Mathematical techniques, including probability theory, used in operations or operational research to identify, illustrate and, it is hoped, influence the characteristics of queues, whether of people, materials, work-in-progress, etc. The object is to find the best way of planning the sequence of events so that bottlenecks can be avoided.

Explanation.

Queueing theory deals with problems of congestion in which two opposing pressures must be balanced. These two pressures are the rate of joining the queue and the rate of discharge from it. Solutions can be reached analytically and in some instances by alternative methods (simulation, qv). The theory of queues requires a long exposition in which somewhat complex mathematics are used. There can be no brief treatment of the subject that will handle real cases.
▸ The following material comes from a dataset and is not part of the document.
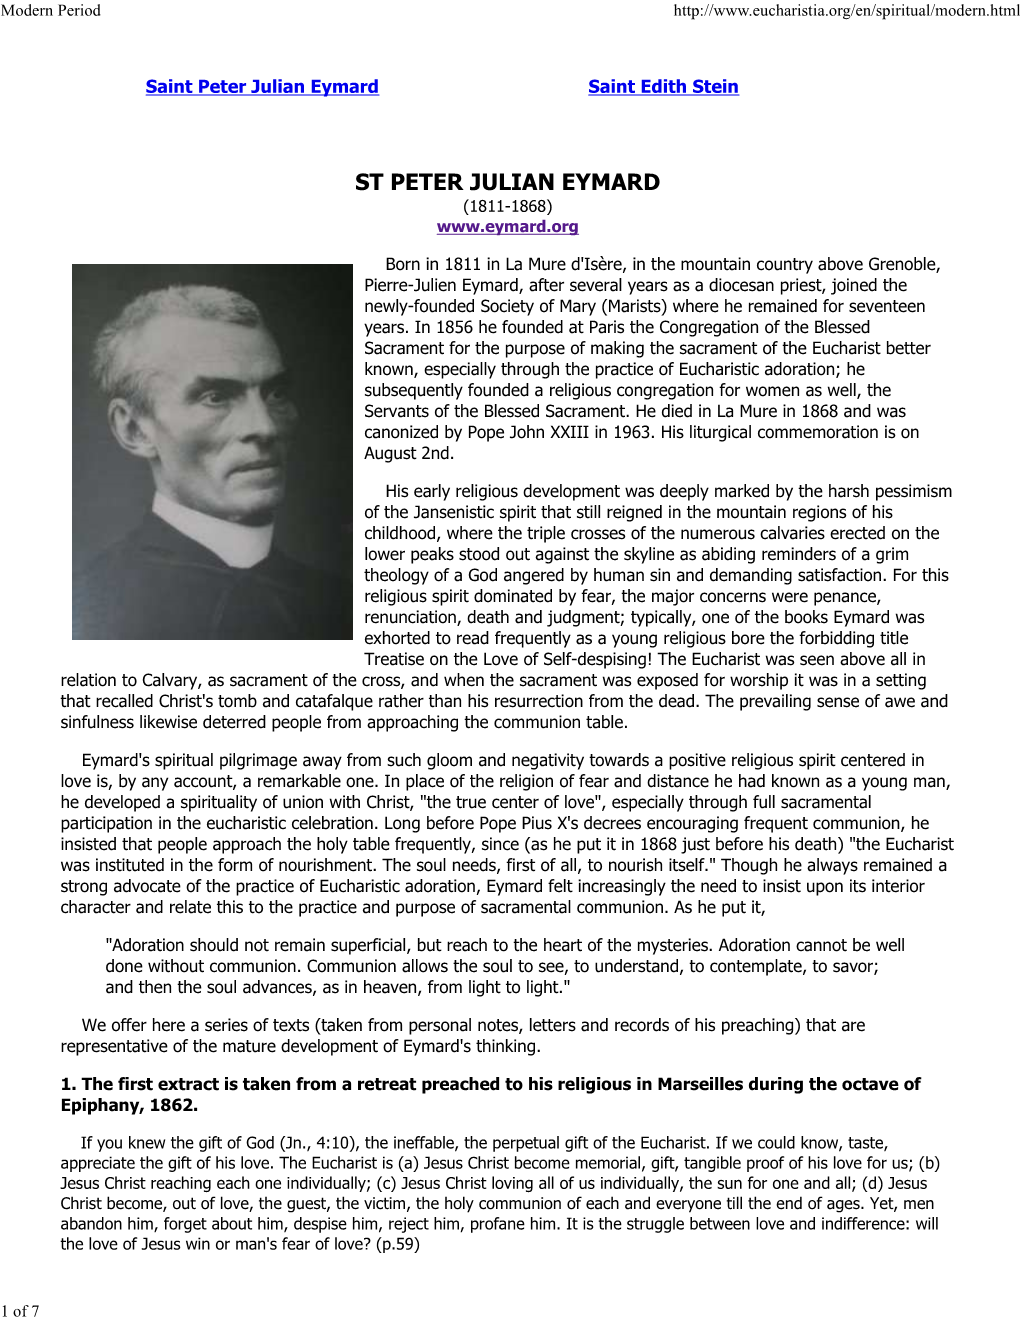 St Peter Julian Eymard (1811-1868)

The analytical treatment depends on the probability distribution used to represent arrival and service rates and the queue discipline.

Illustration:

One of the simplest examples that could be chosen to illustrate queueing theory is the case of issuing stores. Ideally, the two requirements are that the storemen will never be idle for lack of customers and that the customers will never have to wait. These two requirements are mutually exclusive – the more one approaches 100 percent utilisation of storemen, the greater the waiting time of the customers. On the other hand, in order to guarantee that customers will never wait, the number of storemen must be increased to infinity. Both classes of idleness involve costs. The object of queueing theory is usually to minimise the overall cost.